(CNS News) -- Perhaps in anticipation of lawmakers' attempts to expand the number of justices on the Supreme Court, Associate Justice Stephen Breyer said in a speech at Harvard Law School that "structural alteration" of the high court could erode the trust Americans have that the "court is guided by legal principle, not politics."
Democratic lawmakers introduced legislation on Thursday, April 15, to expand the number of Supreme Court justices from 9 to 13.
In his April 6 speech at Harvard Law School, Associate Justice Stephen Breyer — the court’s senior Democratic appointee — said that advocates of court-packing and other structural changes in the court should “think long and hard before they embody those changes in law.”
Breyer said that the court’s authority relies on “a trust that the court is guided by legal principle, not politics.” He then warned, “Structural alteration motivated by the perception of political influence can only feed that latter perception, further eroding that trust.”
Justice Breyer used court decisions as an example to support his view. Specifically, decisions made to end segregation during the Civil rights era.
“The court had played, not the only role, but one essential role in ending legal segregation,” Breyer said. “The justice of the court’s integration decision helped, in my opinion, to draw respectful and increase the authority of the court.”
“My examples warn against taking that acceptance for granted,” he said. “Well, if we cannot take --and we are on part two now--if we cannot take the court as unchecked, and if we cannot take that acceptance by the public for granted, how can we build or maintain a system that makes acceptance more likely?”
Breyer continued “The rule of law has weathered many threats, but it remains sturdy. I hope and expect that the court will retain its authority--an authority that my stories have shown was hard won. But that authority, like the rule of law, depends on trust, a trust that the court is guided by legal principle, not politics.”
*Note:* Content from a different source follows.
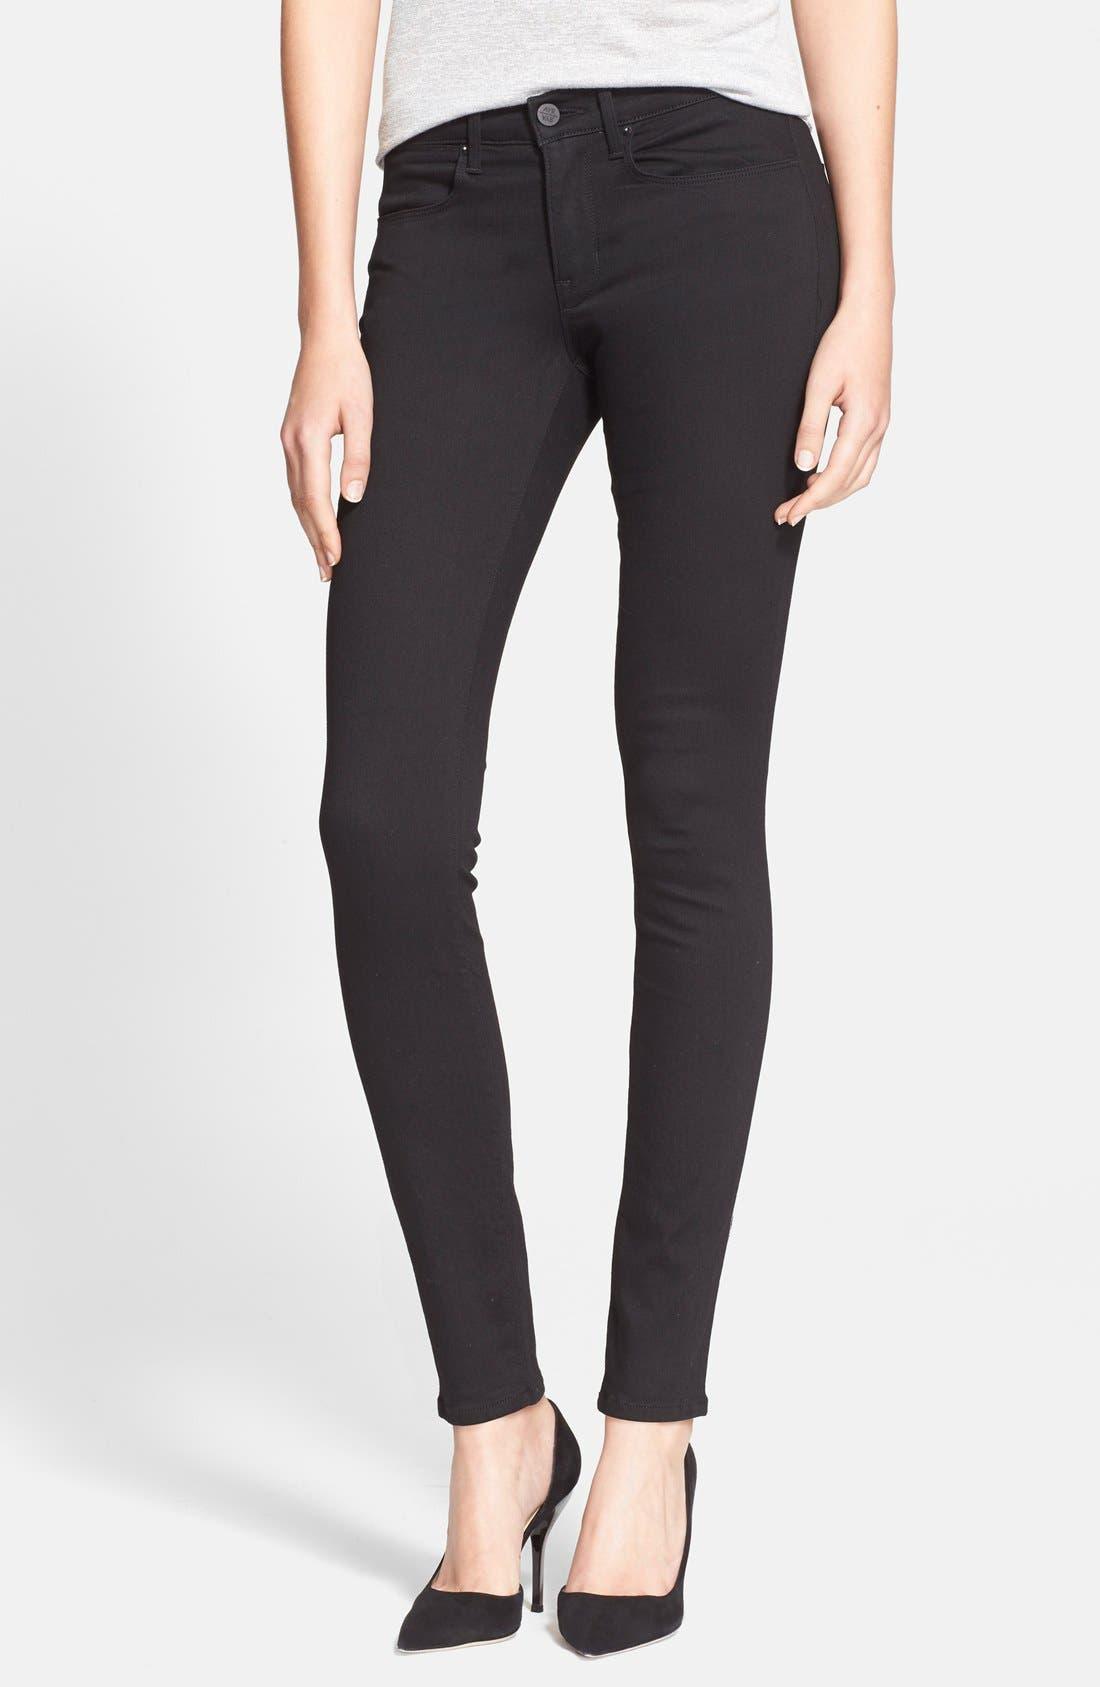 Alternate Image 1 Selected - AYR 'The Skinny' Skinny Jeans (Jet Black)

“Structural alteration motivated by the perception of political influence can only feed that latter perception,” he said. “Further eroding trust, there is no shortcut. There’s no shortcut. Trust in the courts without which our system cannot function requires knowledge. It requires understanding. It requires engagement. In a word, it requires work. Work on the part of all citizens. And we must undertake that work together,” Justice Breyer concluded.
Former Associate Justice Ruth Bader Ginsburg, who died last fall from cancer, was known as one of the most liberal members of the high court. But she also opposed packing the court.
In a July 24, 2019 interview with NPR’s Nina Totenberg, Ginsburg said, "I have heard that there are some people, on the Democratic side, who would like to increase the number of judges.”
"I think it was a bad idea when President Franklin Roosevelt tried to pack the court," added Ginsburg.
If FDR's plan had been put in place, she said, "the court's number would have swelled immediately from nine to 15, and the president would have six appointments to make."
"If anything would make the court look partisan, it would be that," said Ginsburg, "one side saying, 'When we're in power, we're going to enlarge the number of judges, so we would have more people who would vote the way we want them to.'"
"So, I am not at all in favor of that solution," said Justice Ginsburg.